The dataset consists of different subsets capturing different clinical workflows:

ambient clinical intelligence (aci): doctor-patient dialogue
virtual assistant (virtassist): doctor-patient dialogue with queues to trigger Dragon Copilot, e.g., "hey, dragon. show me the chest x-ray"
virtual scribe (virtscribe): doctor-patient dialogue with a short dictation from the doctor about the patient at the very beginning

There are three different transcription versions:

asr: machine-transcribed
asrcorr: human corrections to asr, for example: "nonsmile" in D2N081 --> "non-small" in ACI006
humantrans: transcribed by a human

The subsets have the following transcription versions:

aci: asr and asrcorr
virtassist: humantrans only
virtscribe: asr and humantrans

Task

Type: single-turn
Rubric overview: LLM-as-a-judge evaluation using prompts adapted from MedHELM (single or multi-judge)
Evaluation dimensions:
- Accuracy (1-5): Does the clinical note correctly capture the main medical issue and clinical details?
- Completeness (1-5): Does the clinical note include all important medical information?
- Clarity (1-5): Is the clinical note easy to understand for clinical use?

Quickstart

Run a quick evaluation with prime eval:

prime eval run aci-bench -m "openai/gpt-5-mini" -n 5 -s

To pass environment-specific options, use --env-args (JSON).

prime eval run aci-bench -m "openai/gpt-5-mini" -n 5 --env-args '{"subset": "aci", "judge_model": "openai/gpt-5-mini"}'

Or use medarc-eval for named flags:

medarc-eval aci-bench -m "openai/gpt-5-mini" -n 5 --subset aci --judge-model "openai/gpt-5-mini"

This environment supports multi-judge via the medarc-verifiers MultiJudge rubric.
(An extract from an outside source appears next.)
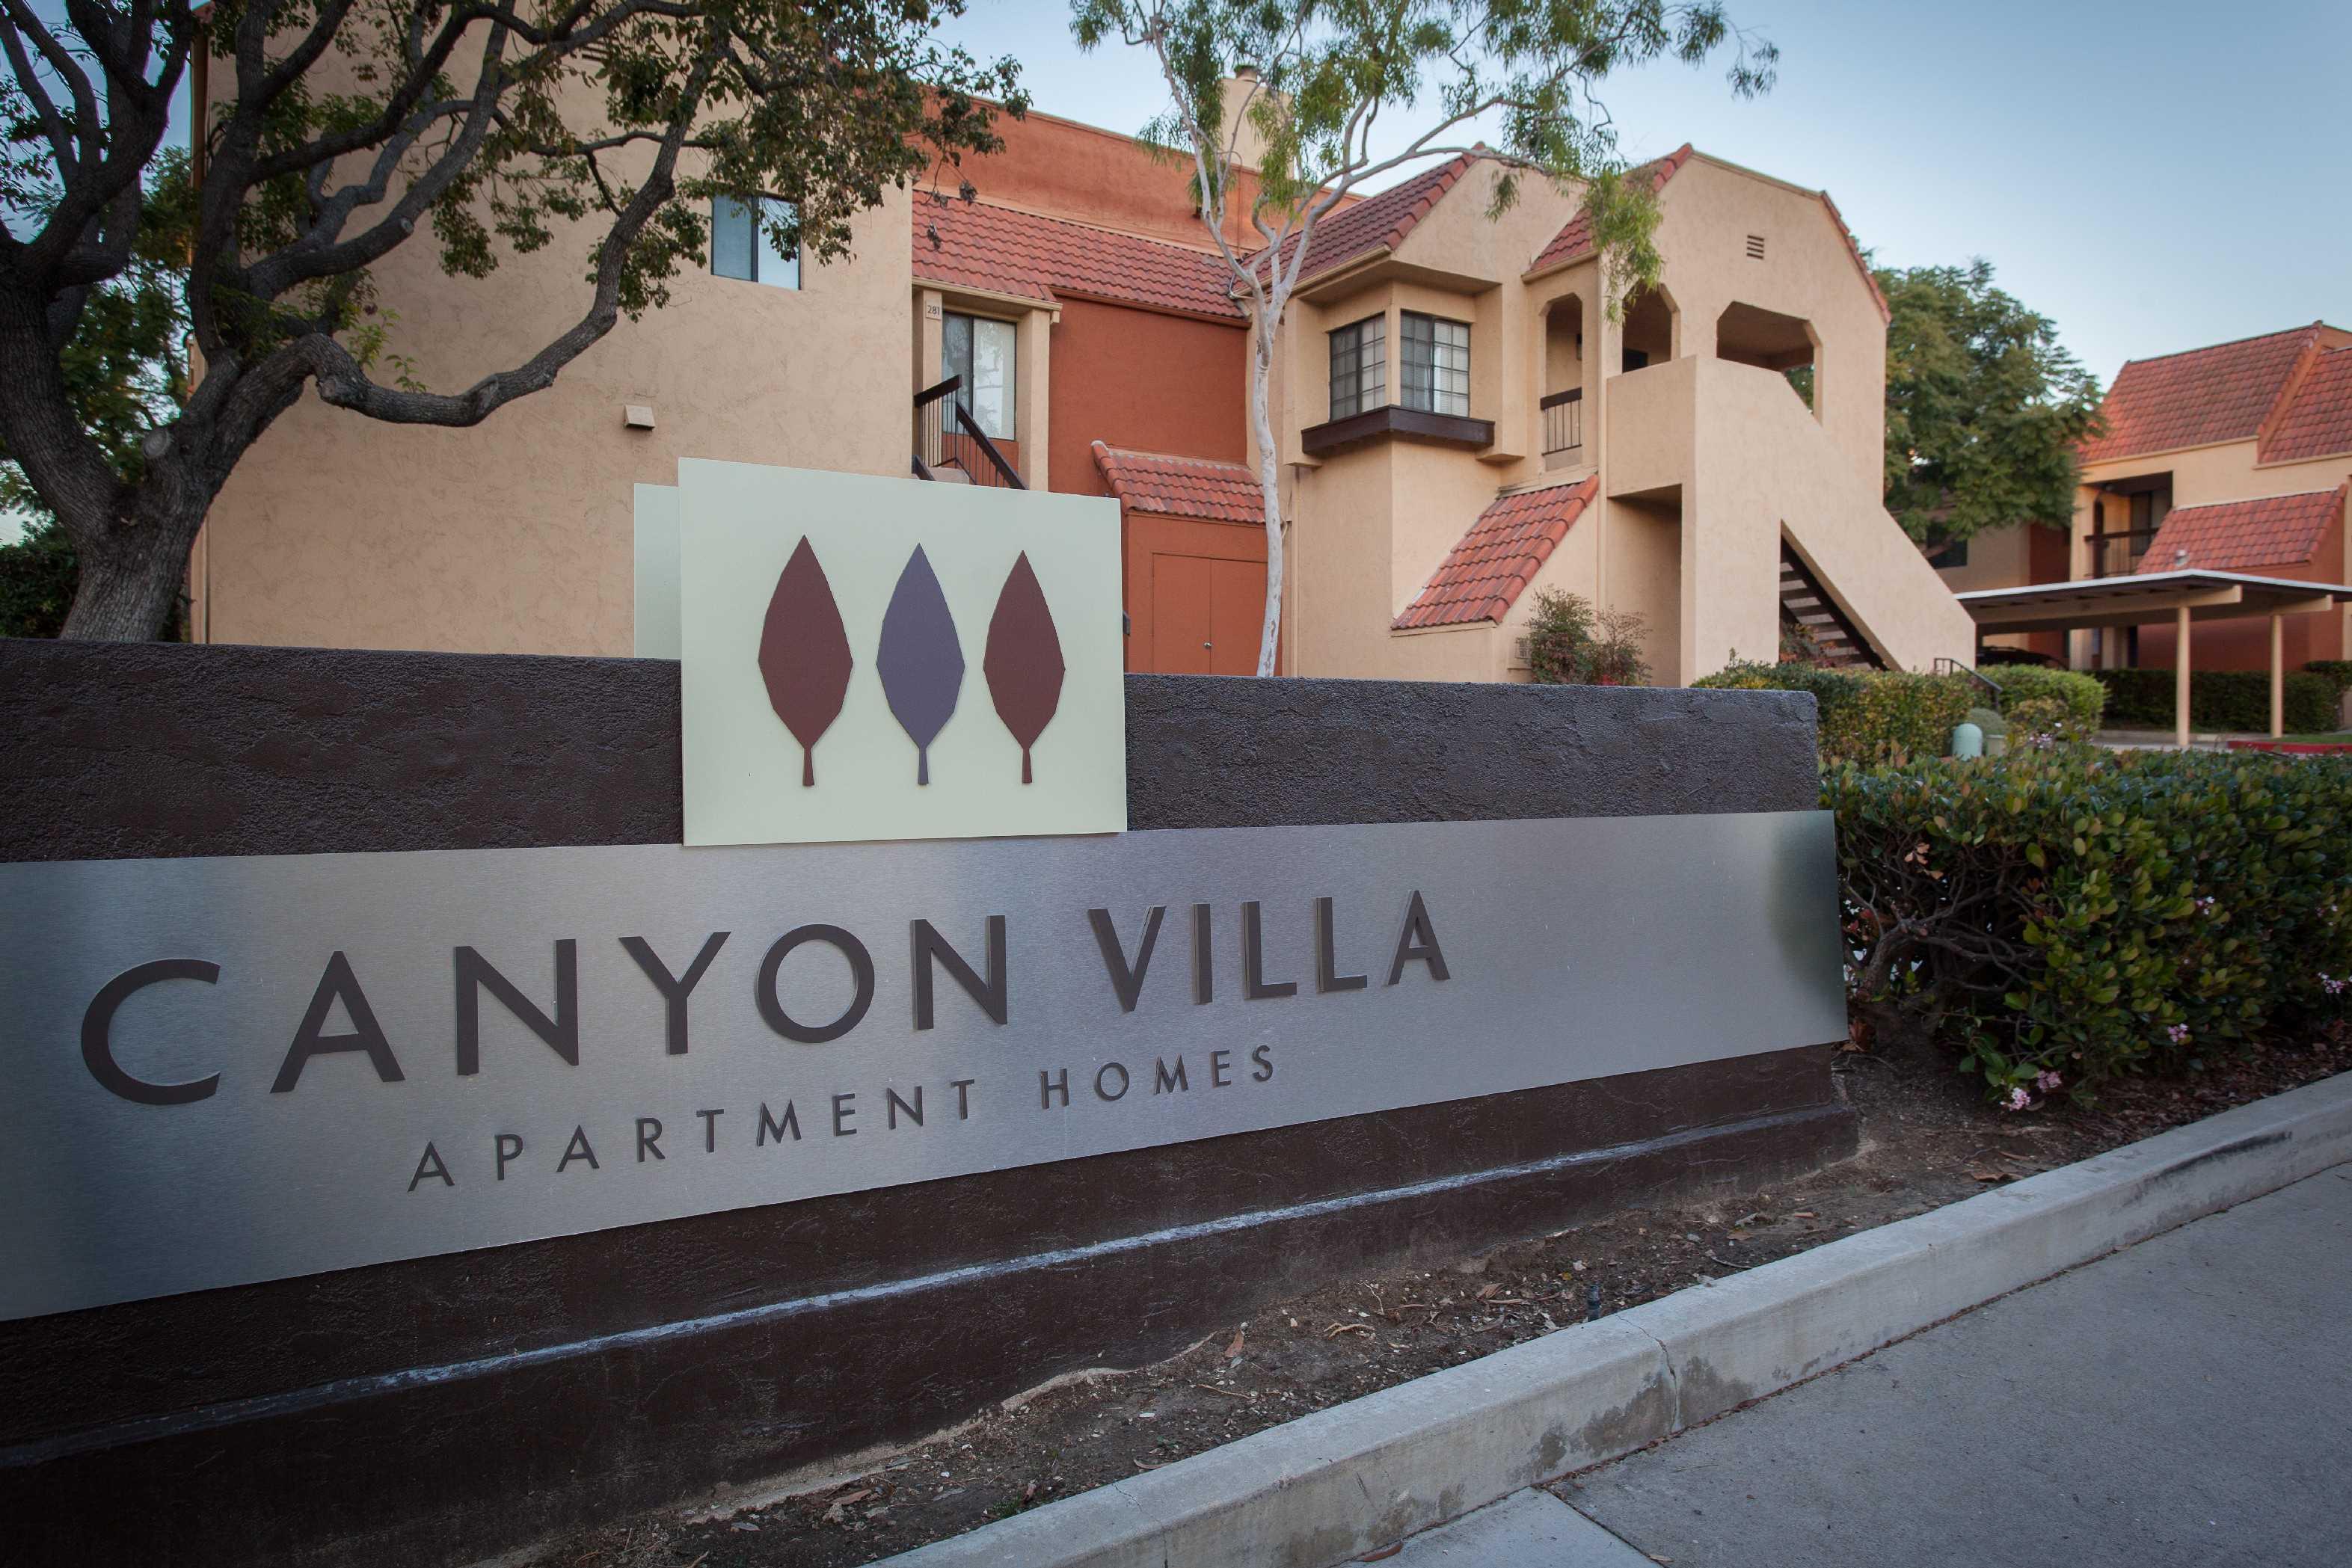 Canyon Villa image 1

When multiple judge models are specified, each scores independently and the final reward is their mean. judge_model, judge_base_url, and judge_api_key are all list-valued and correspond positionally; if only one judge_base_url or judge_api_key is provided, it is used for all judge models.
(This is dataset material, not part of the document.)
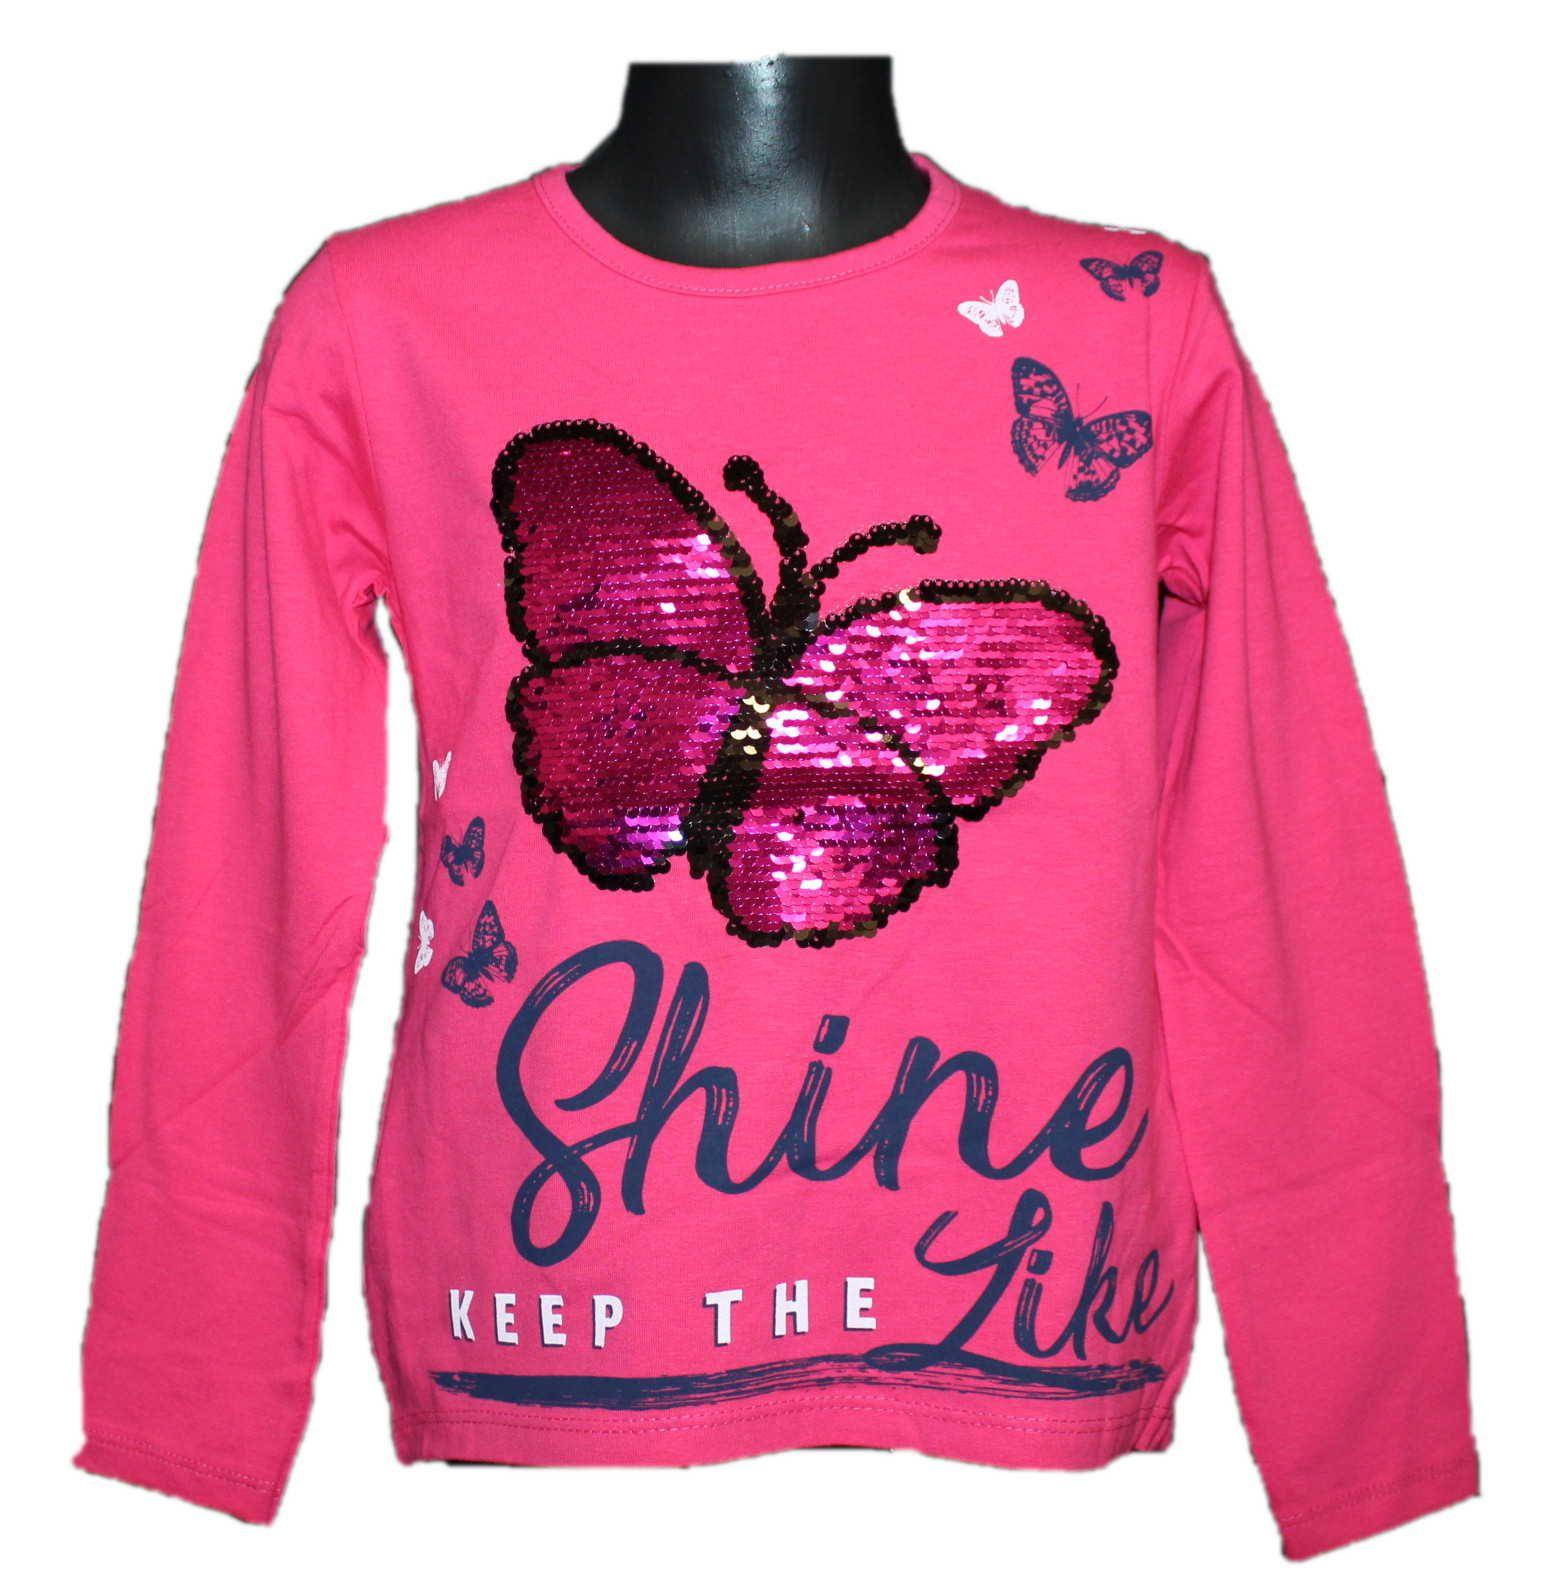 měnící tričko, přeměňovací tričko s motýlem Tomurcuk

medarc-eval aci-bench -m "openai/gpt-5-mini" --judge-model "openai/gpt-5-mini" --judge-model "google/gemini-3-flash"

Environment Arguments

Arg	Type	Default	Description
`subset`	str	`all`	The subset of the dataset to use (`all`, `aci`, `virtassist`, `virtscribe`)
`transcript_version`	str	`all`	The transcript version to use (`all`, `asr`, `asrcorr`, `humantrans`)
`answer_format`	str	`xml`	The format of the answer (`xml`, `boxed`)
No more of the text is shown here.